Israel’s attack on the port of Hodeida in Yemen following the deadly Houthi drone strike on Tel Aviv was meant to be a message to Iran.
Israeli Defence Minister Yoav Gallant put it succinctly. “The fire that is currently burning in Hodeida is seen across the Middle East and the significance is clear.”
The Israeli response, striking a power plan and an oil storage depot which killed three and injured 80, represents a tweak to the so-called Octopus Doctrine regarding its relations to Iran and its proxies.
The Octopus Doctrine was first presented in 2018 by Naftali Bennett, a religious-nationalist and former settler leader.
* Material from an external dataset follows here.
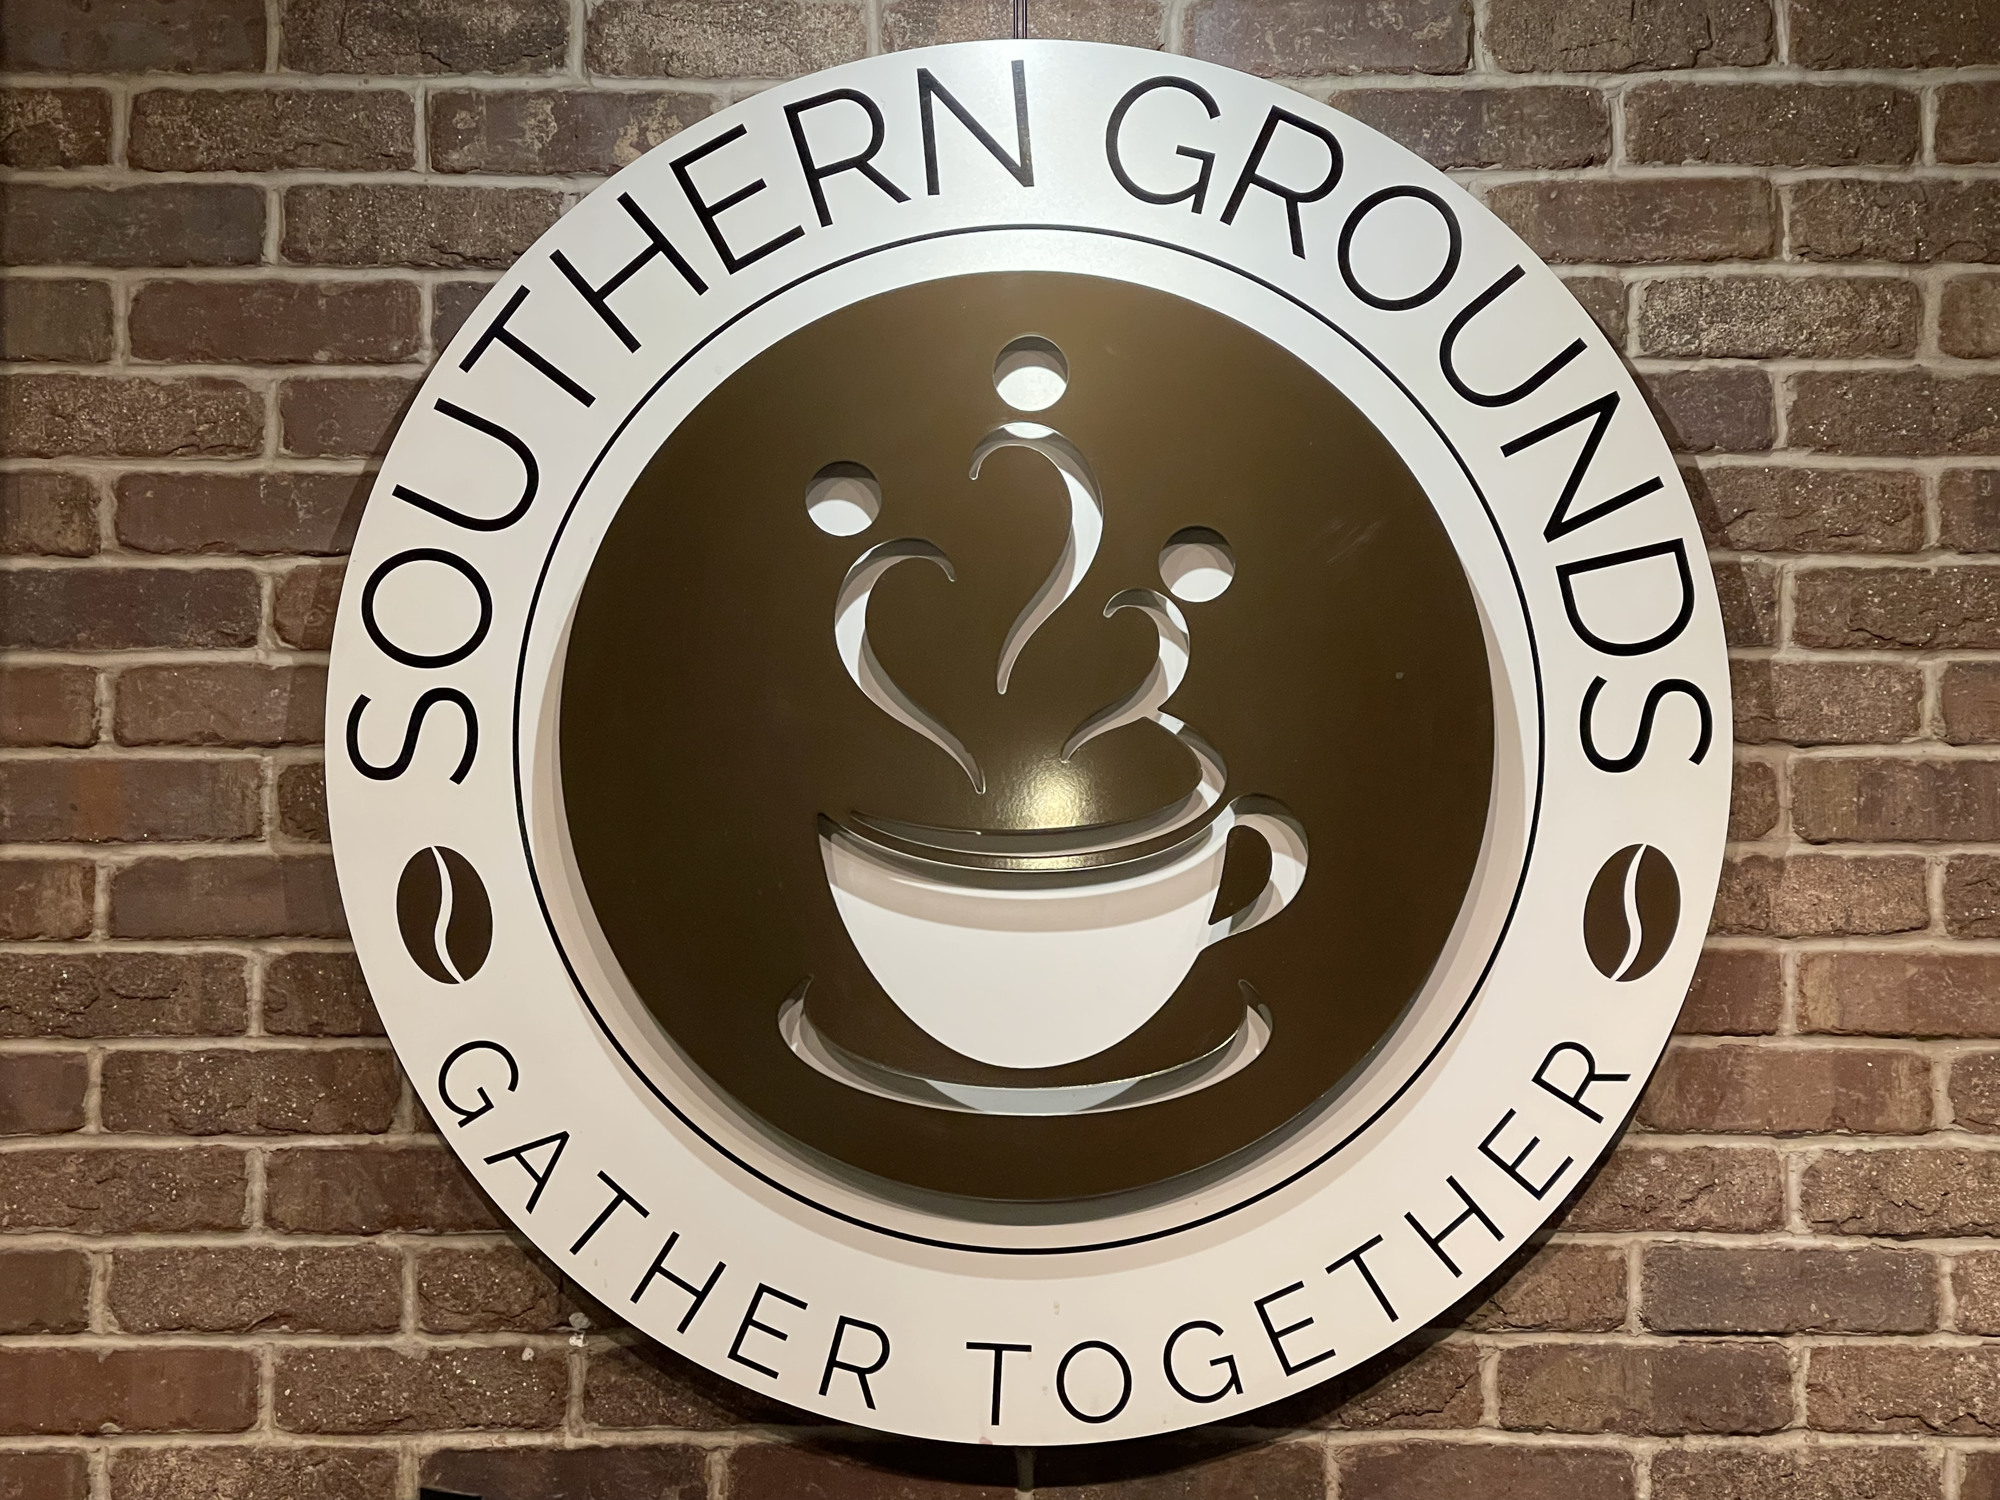 The Southern Grounds logo at the coffee shop in Neptune Beach.

At the time, he was a minister and sat on Israel’s Security Cabinet.
Head vs legs
Bennett argued that Israel should see Iran as the head of an octopus and that its proxies—like Hezbollah, Hamas, the Houthis, and groups in Syria—were the octopus’s arms. Fighting the individual tentacles was insufficient, he said.
Shortly after the Houthi drone attack on Tel Aviv, the Israeli Armed Forces’ Chief of General Staff Herzi Halevi invoked Bennett’s Octopus Doctrine.
“It’s all Iran,” he said. “This UAV (unmanned aerial vehicle, or drone) is Iranian, right?... The funds for the tunnels here are from Iran... In the end, it’s an octopus. It has many arms.”
Halevi did not however call to strike the head of the octopus (Iran). Instead, he called for excellence and effectiveness in fighting the different arms of the octopus.
Tentacles for now
In April, when Israel and Iran traded missiles directly for the first time, former special forces soldier Bennet invoked his famous sea creature again.
“We always fought the Octopus’s arms,” he said, “but hardly exacted a price from its Iranian head. This should change now.”